--- START ---
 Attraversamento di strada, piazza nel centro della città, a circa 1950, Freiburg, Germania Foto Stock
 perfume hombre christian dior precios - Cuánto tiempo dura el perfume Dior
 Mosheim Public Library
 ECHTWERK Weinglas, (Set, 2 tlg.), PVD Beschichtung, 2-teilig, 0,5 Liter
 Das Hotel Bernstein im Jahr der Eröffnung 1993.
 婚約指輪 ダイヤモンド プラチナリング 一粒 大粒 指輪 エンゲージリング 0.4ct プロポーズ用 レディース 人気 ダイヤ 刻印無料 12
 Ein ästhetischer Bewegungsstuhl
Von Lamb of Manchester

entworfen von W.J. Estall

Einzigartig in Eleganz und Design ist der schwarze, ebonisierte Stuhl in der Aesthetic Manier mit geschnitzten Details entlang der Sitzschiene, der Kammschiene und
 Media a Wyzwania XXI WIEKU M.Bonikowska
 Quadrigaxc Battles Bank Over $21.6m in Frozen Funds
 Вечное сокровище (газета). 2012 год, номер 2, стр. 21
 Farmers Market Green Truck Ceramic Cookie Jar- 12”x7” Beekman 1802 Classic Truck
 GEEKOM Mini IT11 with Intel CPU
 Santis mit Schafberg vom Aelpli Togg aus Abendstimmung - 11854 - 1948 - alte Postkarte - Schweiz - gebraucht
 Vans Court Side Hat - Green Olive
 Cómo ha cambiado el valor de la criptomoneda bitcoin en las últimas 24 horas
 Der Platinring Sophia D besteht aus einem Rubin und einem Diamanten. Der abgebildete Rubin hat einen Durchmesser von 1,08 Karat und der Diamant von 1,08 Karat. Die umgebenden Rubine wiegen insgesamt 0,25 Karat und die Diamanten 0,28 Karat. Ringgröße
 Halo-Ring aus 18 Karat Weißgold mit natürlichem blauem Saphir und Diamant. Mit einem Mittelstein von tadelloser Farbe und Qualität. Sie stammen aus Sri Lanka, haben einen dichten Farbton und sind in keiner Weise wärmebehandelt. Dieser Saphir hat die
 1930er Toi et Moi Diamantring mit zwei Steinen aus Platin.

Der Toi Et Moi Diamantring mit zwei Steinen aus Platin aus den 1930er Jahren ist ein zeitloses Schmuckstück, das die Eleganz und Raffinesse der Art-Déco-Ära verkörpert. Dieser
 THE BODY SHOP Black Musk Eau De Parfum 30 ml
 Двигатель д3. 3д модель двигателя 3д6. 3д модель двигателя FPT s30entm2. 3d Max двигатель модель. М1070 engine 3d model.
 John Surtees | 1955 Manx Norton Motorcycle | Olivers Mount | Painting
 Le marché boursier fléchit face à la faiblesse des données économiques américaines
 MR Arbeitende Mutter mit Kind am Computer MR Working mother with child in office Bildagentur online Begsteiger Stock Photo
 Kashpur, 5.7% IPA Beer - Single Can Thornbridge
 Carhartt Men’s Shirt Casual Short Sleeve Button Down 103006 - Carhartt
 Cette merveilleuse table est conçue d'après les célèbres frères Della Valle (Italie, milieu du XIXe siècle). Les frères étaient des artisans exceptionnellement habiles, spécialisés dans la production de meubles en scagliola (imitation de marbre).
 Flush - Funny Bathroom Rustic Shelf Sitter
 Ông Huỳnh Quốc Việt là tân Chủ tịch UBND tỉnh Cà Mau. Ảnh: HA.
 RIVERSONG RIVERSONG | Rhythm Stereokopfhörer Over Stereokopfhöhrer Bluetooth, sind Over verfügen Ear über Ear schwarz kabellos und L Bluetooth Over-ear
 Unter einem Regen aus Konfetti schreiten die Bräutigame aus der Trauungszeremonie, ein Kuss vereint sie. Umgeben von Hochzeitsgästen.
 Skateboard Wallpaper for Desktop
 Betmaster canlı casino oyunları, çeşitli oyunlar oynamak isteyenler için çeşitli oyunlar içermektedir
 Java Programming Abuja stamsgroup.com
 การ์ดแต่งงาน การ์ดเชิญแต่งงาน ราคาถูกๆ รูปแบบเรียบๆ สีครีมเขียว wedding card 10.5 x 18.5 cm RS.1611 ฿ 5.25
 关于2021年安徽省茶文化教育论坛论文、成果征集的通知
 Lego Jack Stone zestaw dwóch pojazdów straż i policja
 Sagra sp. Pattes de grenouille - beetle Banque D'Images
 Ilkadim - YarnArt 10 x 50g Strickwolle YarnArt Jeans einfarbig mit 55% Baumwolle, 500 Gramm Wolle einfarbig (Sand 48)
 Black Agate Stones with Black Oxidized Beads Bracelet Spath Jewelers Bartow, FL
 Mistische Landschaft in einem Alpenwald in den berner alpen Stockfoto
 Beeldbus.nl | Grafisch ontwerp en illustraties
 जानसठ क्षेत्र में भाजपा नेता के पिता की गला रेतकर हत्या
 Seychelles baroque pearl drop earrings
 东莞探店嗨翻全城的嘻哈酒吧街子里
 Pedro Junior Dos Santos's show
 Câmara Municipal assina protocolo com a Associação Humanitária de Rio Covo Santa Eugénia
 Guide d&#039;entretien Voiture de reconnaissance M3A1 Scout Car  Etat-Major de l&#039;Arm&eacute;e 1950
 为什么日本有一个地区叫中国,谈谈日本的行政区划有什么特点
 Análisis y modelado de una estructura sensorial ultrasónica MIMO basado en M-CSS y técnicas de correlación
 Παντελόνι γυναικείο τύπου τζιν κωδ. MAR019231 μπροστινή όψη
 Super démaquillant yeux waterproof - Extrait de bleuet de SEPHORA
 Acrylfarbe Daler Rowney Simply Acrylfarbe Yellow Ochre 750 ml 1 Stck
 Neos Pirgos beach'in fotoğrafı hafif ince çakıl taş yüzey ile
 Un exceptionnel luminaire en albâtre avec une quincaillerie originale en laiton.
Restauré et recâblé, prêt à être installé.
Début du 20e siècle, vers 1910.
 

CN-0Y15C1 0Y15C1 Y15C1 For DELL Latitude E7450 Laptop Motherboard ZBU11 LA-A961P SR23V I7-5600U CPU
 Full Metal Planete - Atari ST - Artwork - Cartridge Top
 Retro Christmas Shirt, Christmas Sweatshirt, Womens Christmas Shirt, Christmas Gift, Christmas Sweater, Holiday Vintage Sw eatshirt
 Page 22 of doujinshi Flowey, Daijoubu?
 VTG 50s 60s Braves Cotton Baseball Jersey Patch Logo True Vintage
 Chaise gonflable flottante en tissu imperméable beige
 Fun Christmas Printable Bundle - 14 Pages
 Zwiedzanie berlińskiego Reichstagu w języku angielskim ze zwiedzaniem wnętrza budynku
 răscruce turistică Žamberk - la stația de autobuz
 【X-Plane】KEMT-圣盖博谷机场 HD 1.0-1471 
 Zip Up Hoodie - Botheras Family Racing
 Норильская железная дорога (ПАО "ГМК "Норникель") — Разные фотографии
--- END ---
■ ABOUT THIS EXERCISE: What is the number of lines in the entries above that contain the word "Diamantring"? Answer with that number only.

■ RESPONSE BELOW: 2